- **Aim of the exercise**:
In the material below, find the line containing "Afghanistan Mazar Marathon 2.jpg" and output it and all lines after it exactly, through the last one, without the pictures.

- **Available data**:
=====
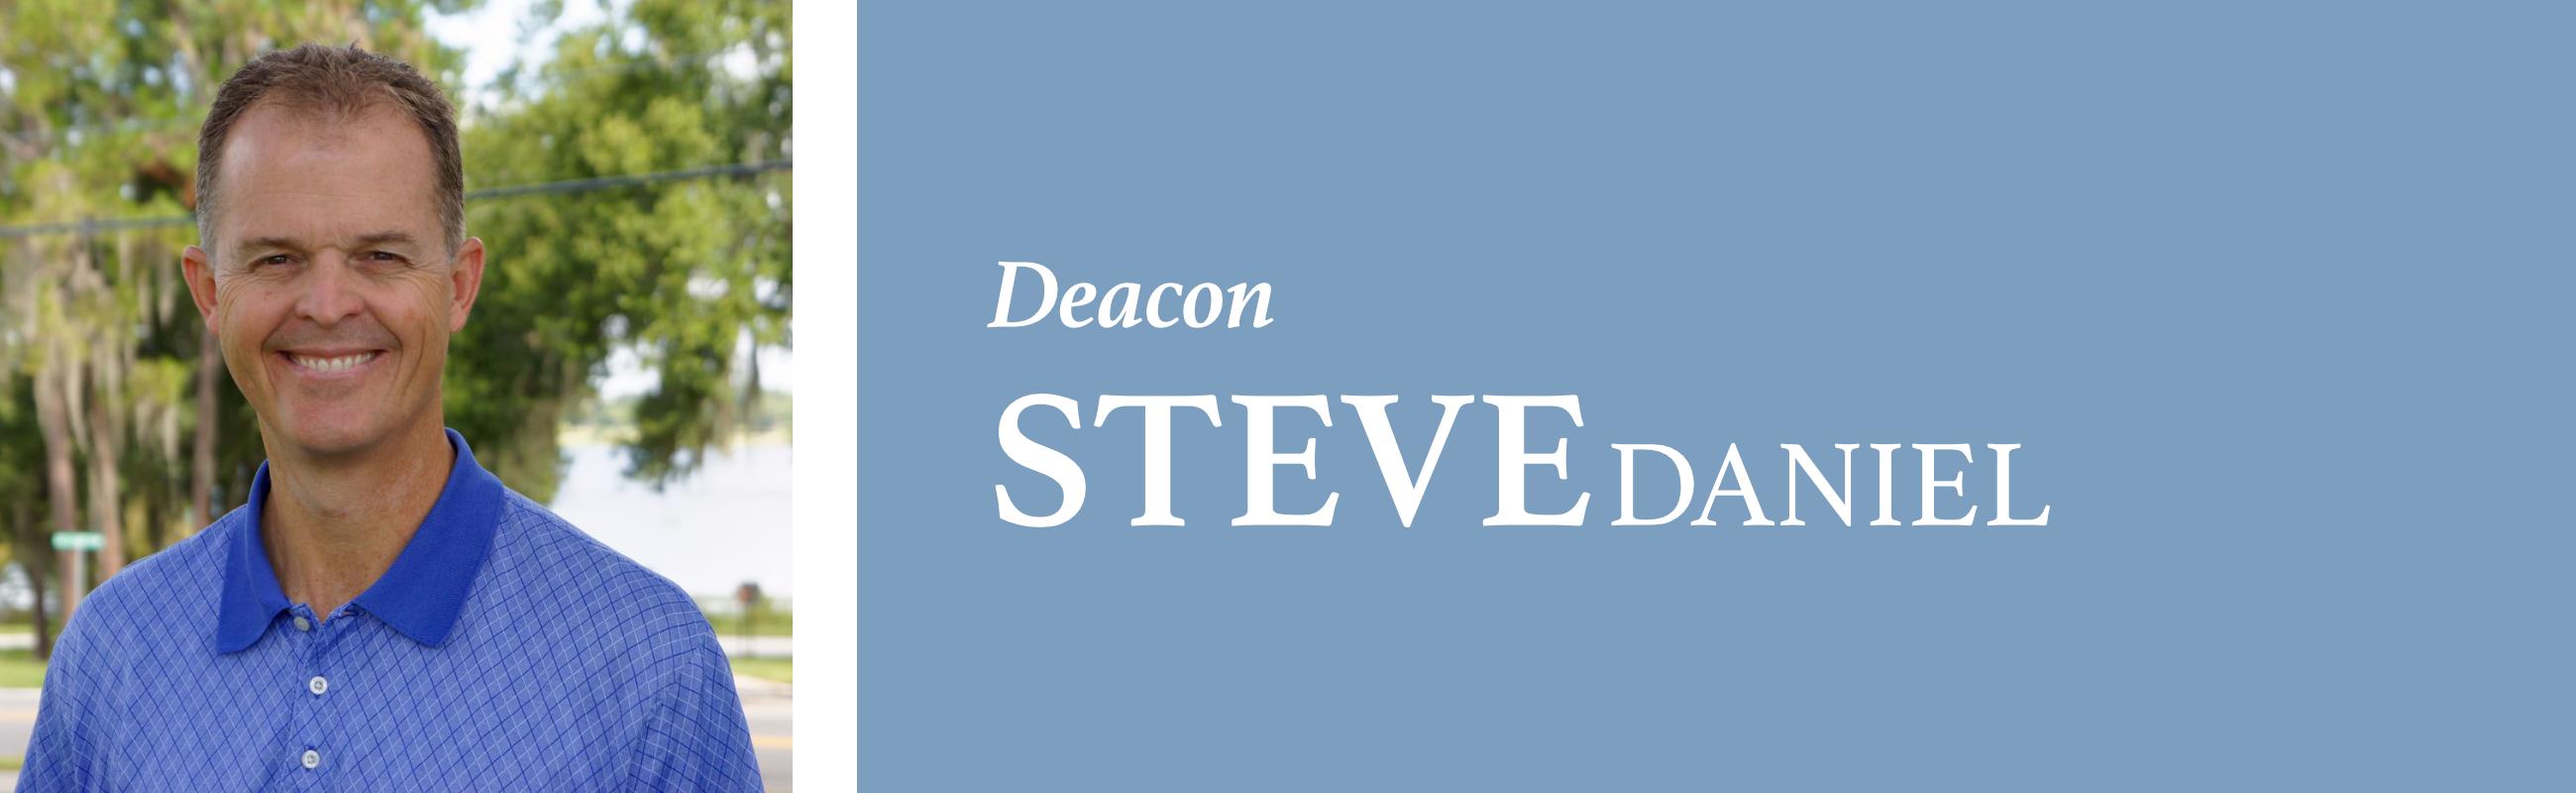 rcc deacon 3
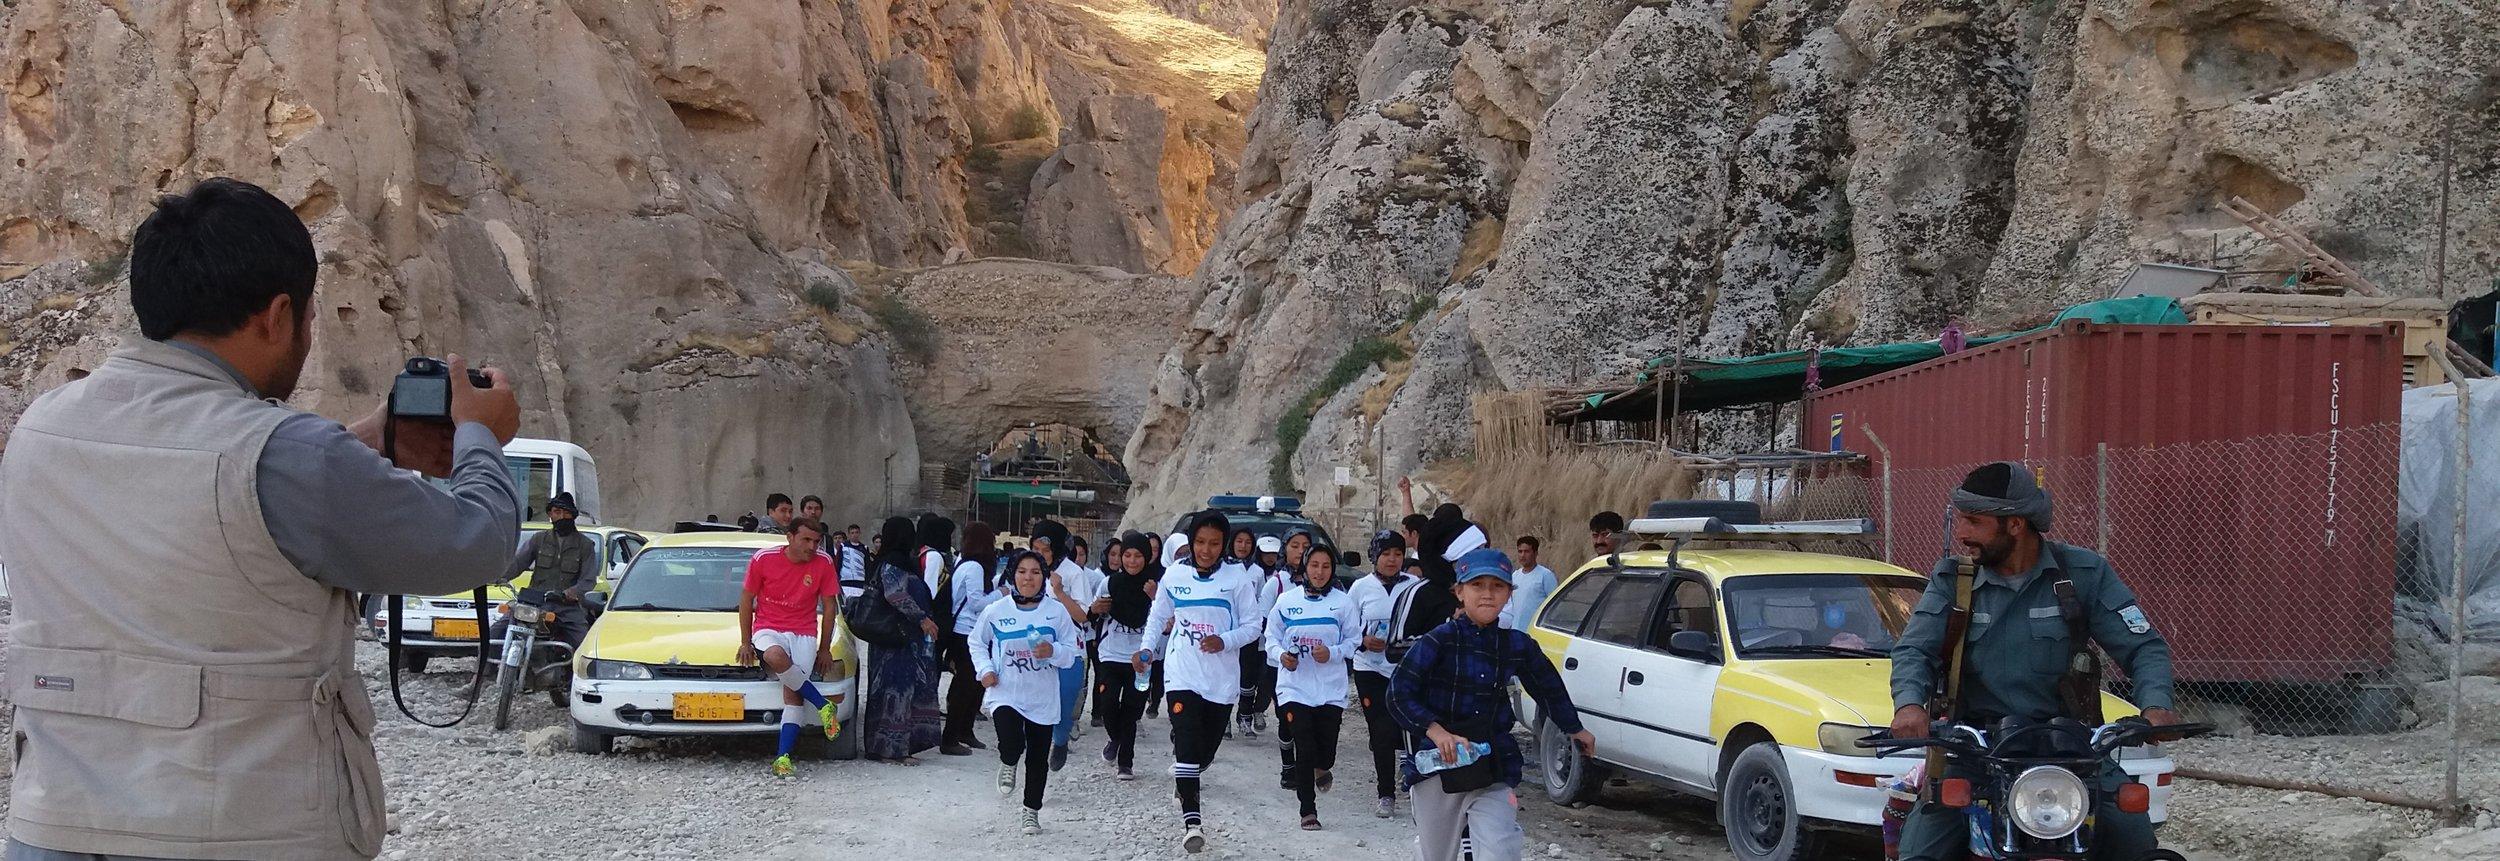 Afghanistan Mazar Marathon 2.jpg
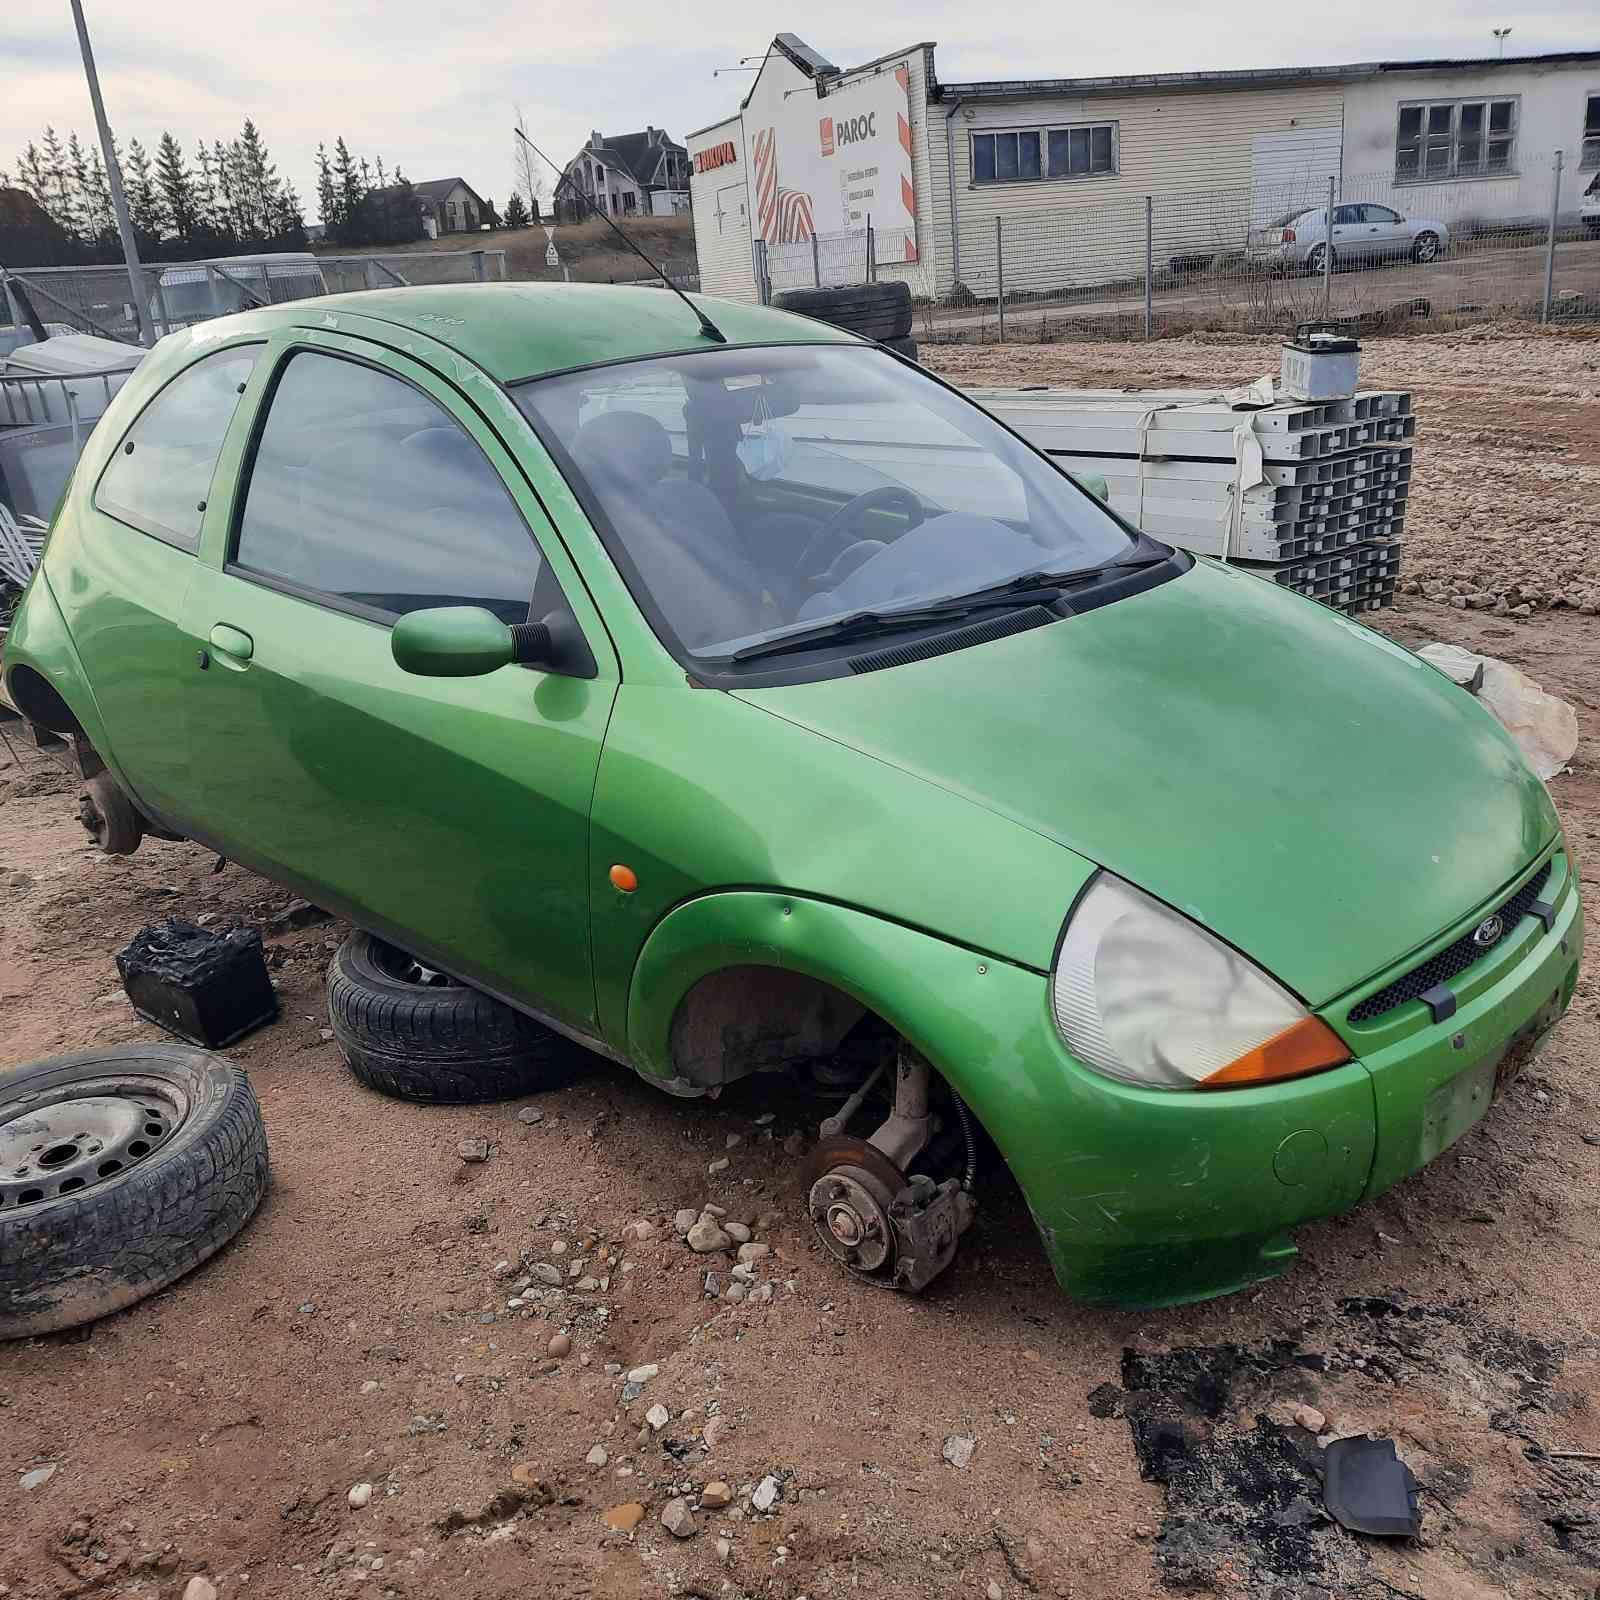 Подержанные Автозапчасти Ford KA 1996 1.3 машиностроение хэтчбэк 2/3 d. зеленый 2021-4-12
=====
- **Task response**:
 Afghanistan Mazar Marathon 2.jpg
 Подержанные Автозапчасти Ford KA 1996 1.3 машиностроение хэтчбэк 2/3 d. зеленый 2021-4-12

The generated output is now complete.